Organisations without Samsung's internal IT governance infrastructure will need external partners or managed service layers to achieve equivalent control. The OpenAI agent stack guide explains how the underlying APIs and SDKs connect for custom enterprise integrations.
It is also worth noting Samsung's multi-vendor approach. Betting entirely on one AI provider carries concentration risk — both technically and commercially. Understanding OpenAI's business model and financial trajectory helps when evaluating long-term vendor stability.
FAQ
Q: When did Samsung deploy ChatGPT Enterprise and Codex? A: OpenAI announced the deployment on 21 June 2026. ChatGPT Enterprise and Codex are available to all Samsung Electronics employees in Korea and all employees in the global Device eXperience (DX) division.
Q: Why did Samsung originally ban ChatGPT? A: In March 2023, Samsung engineers inadvertently pasted confidential source code and internal meeting notes into ChatGPT, causing a data leak.
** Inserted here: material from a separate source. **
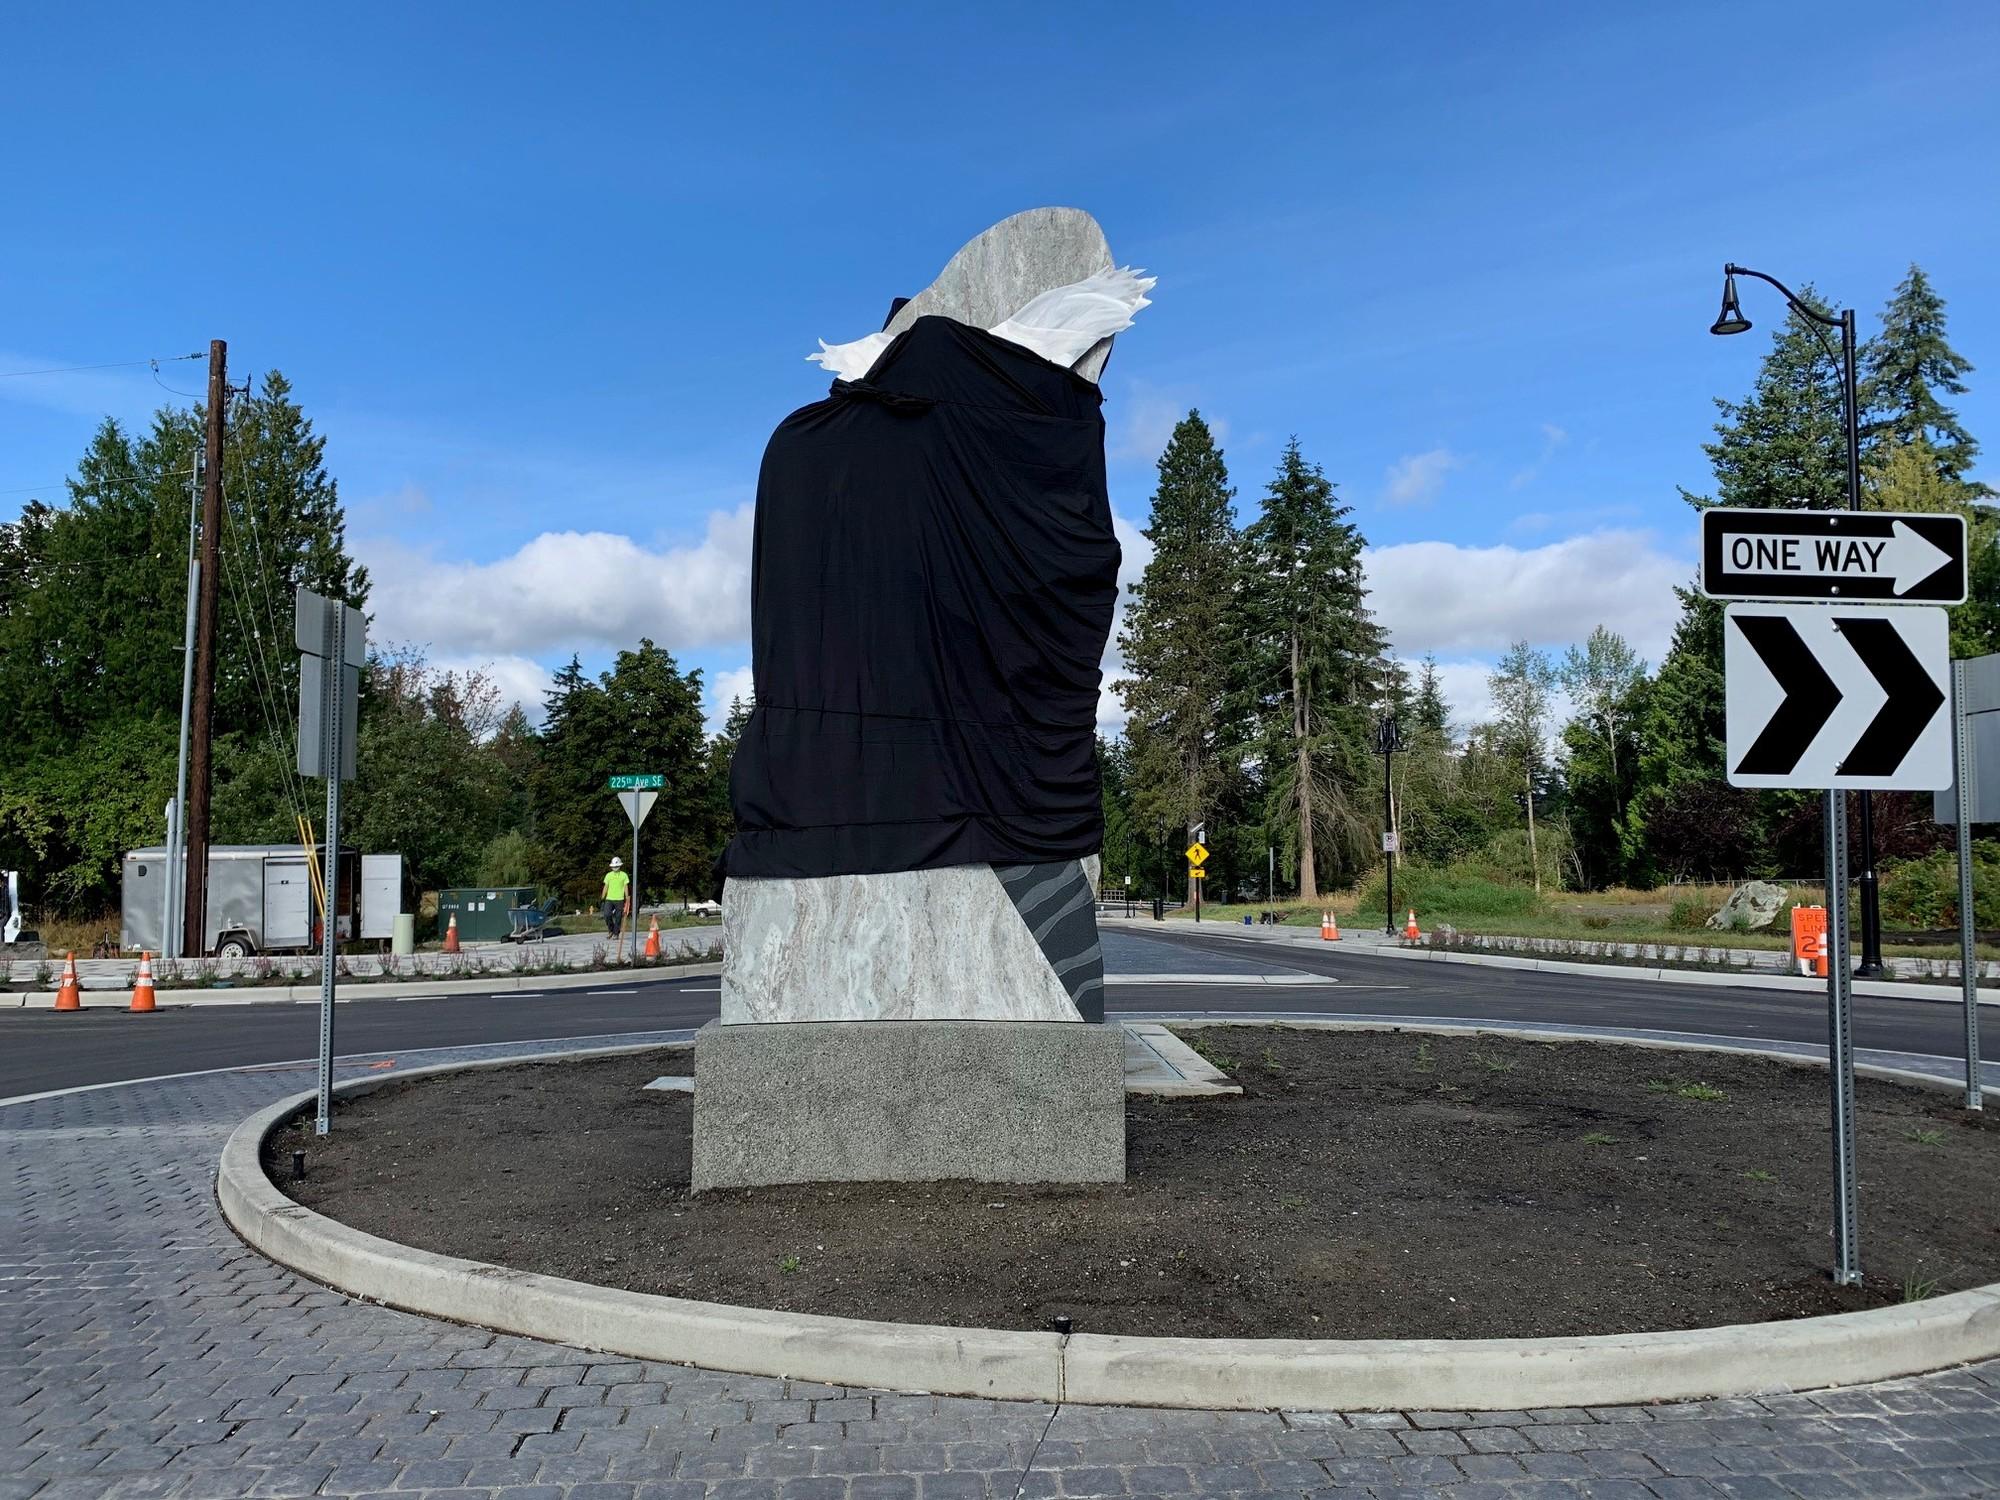 sculpture veiled

Samsung imposed a company-wide ban on generative AI tools in response.
Q: Does Samsung use only OpenAI products for AI? A: No. Samsung reportedly operates a multi-vendor AI stack that includes solutions from multiple providers. The ChatGPT Enterprise deployment is one component of a broader AI strategy.
Q: Is Samsung's employee data used to train OpenAI's models? A: No. ChatGPT Enterprise agreements guarantee that customer data is not used for model training, which was a core requirement for Samsung's deployment.
Q: How many people use Codex globally? A: OpenAI reports more than 5 million weekly active Codex users as of June 2026, spanning both technical and non-technical workflows.